Dynamic grids
in Monte Carlo radiative transfer
My master's thesis
Cosmological simulations follow physical particles through 3D space
However, for real galaxies we only see the projection on the sky
With radiative transfer, we can canculate what a simulated galaxy would look like
The top right inset shows such a radiative transfer rendering
In Monte Carlo radiative transfer, we simulate the transfer of photons through:
- their birth in stars
- their scattering and absorption by dust
- secondary emission from dust
For computational reasons, the dust distribution needs to be discretized on a grid.
In each grid cell, the dust density and temperature are treated to be constant.

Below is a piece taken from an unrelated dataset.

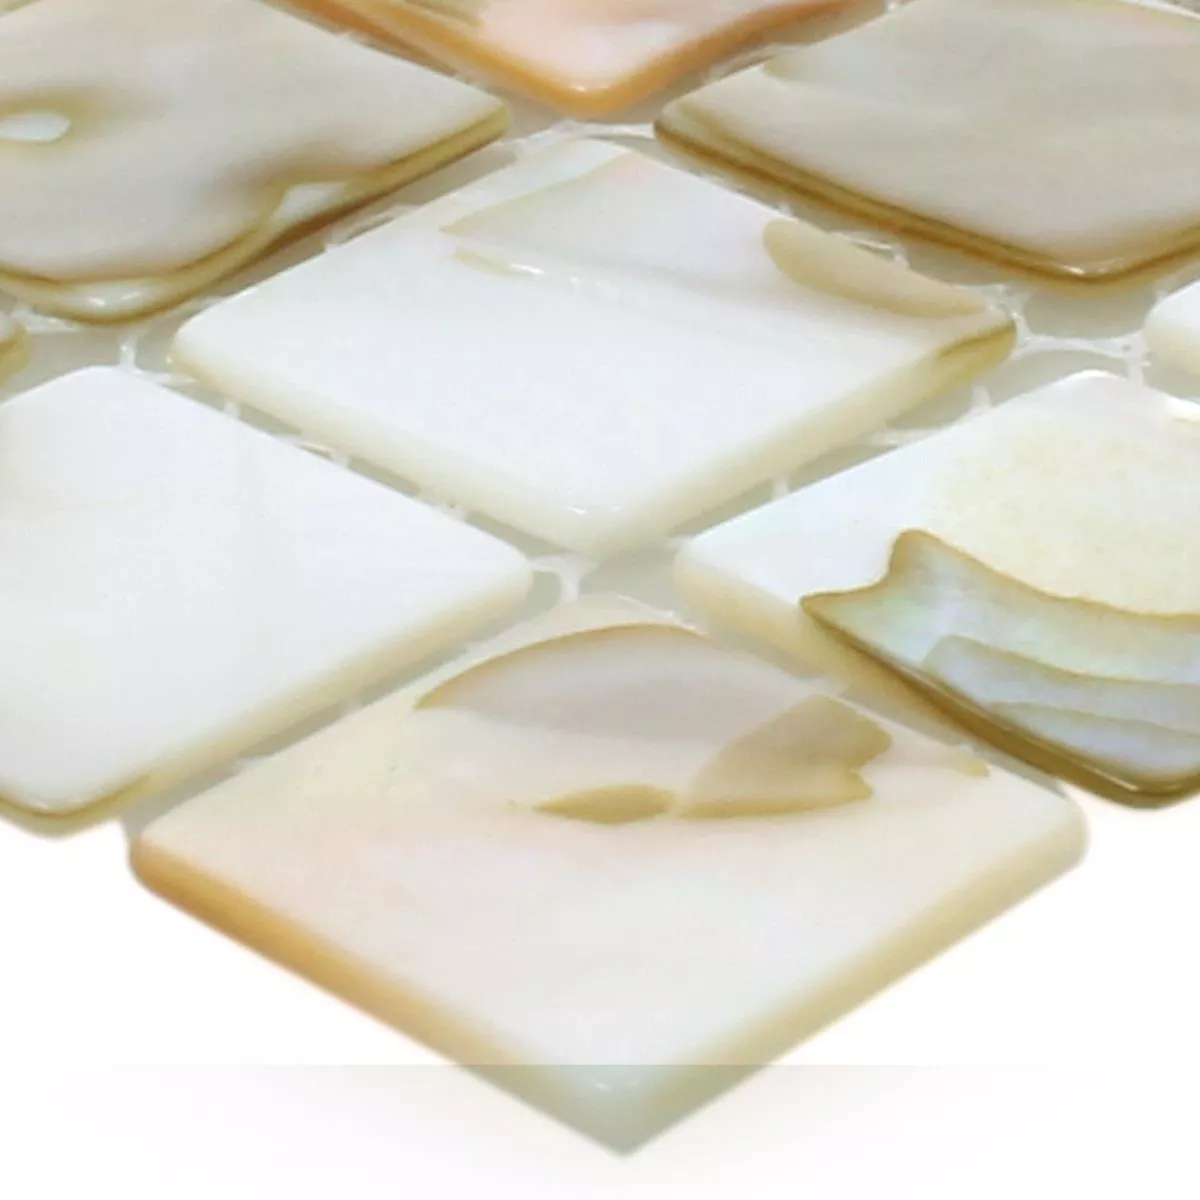 Sample Mosaic Tiles Shell Kordon Light Beige

The dust density is known at the start of the simulation
It is standard to place more cells where the dust density is higher
After all, that is where most of the interesting scattering happens
Left: slice through a dusty torus with clumps. Right: octree dust grid.
However, this does not necessarily lead to a good dust temperature discretization!
Unfortunately, we need the grid at the start of the simulation, when we don't have any temperature information.
The goal of my thesis was to adapt the dust grid at run-time.
Hence the name "dynamic grids".
In particular, we first do a short run on a standard density-optimized grid.
From this, we have an estimate of the dust temperature, and we can further refine the grid.
This refined grid now properly discretizes the dust temperature as well.
This is a test case where two spheres are illuminated from a corner.
The reference simulation uses a lot more cells, and is used as the ground truth
The other three grids use 30000 cells.
Combining dust and temperature information (right column) leads to the best results.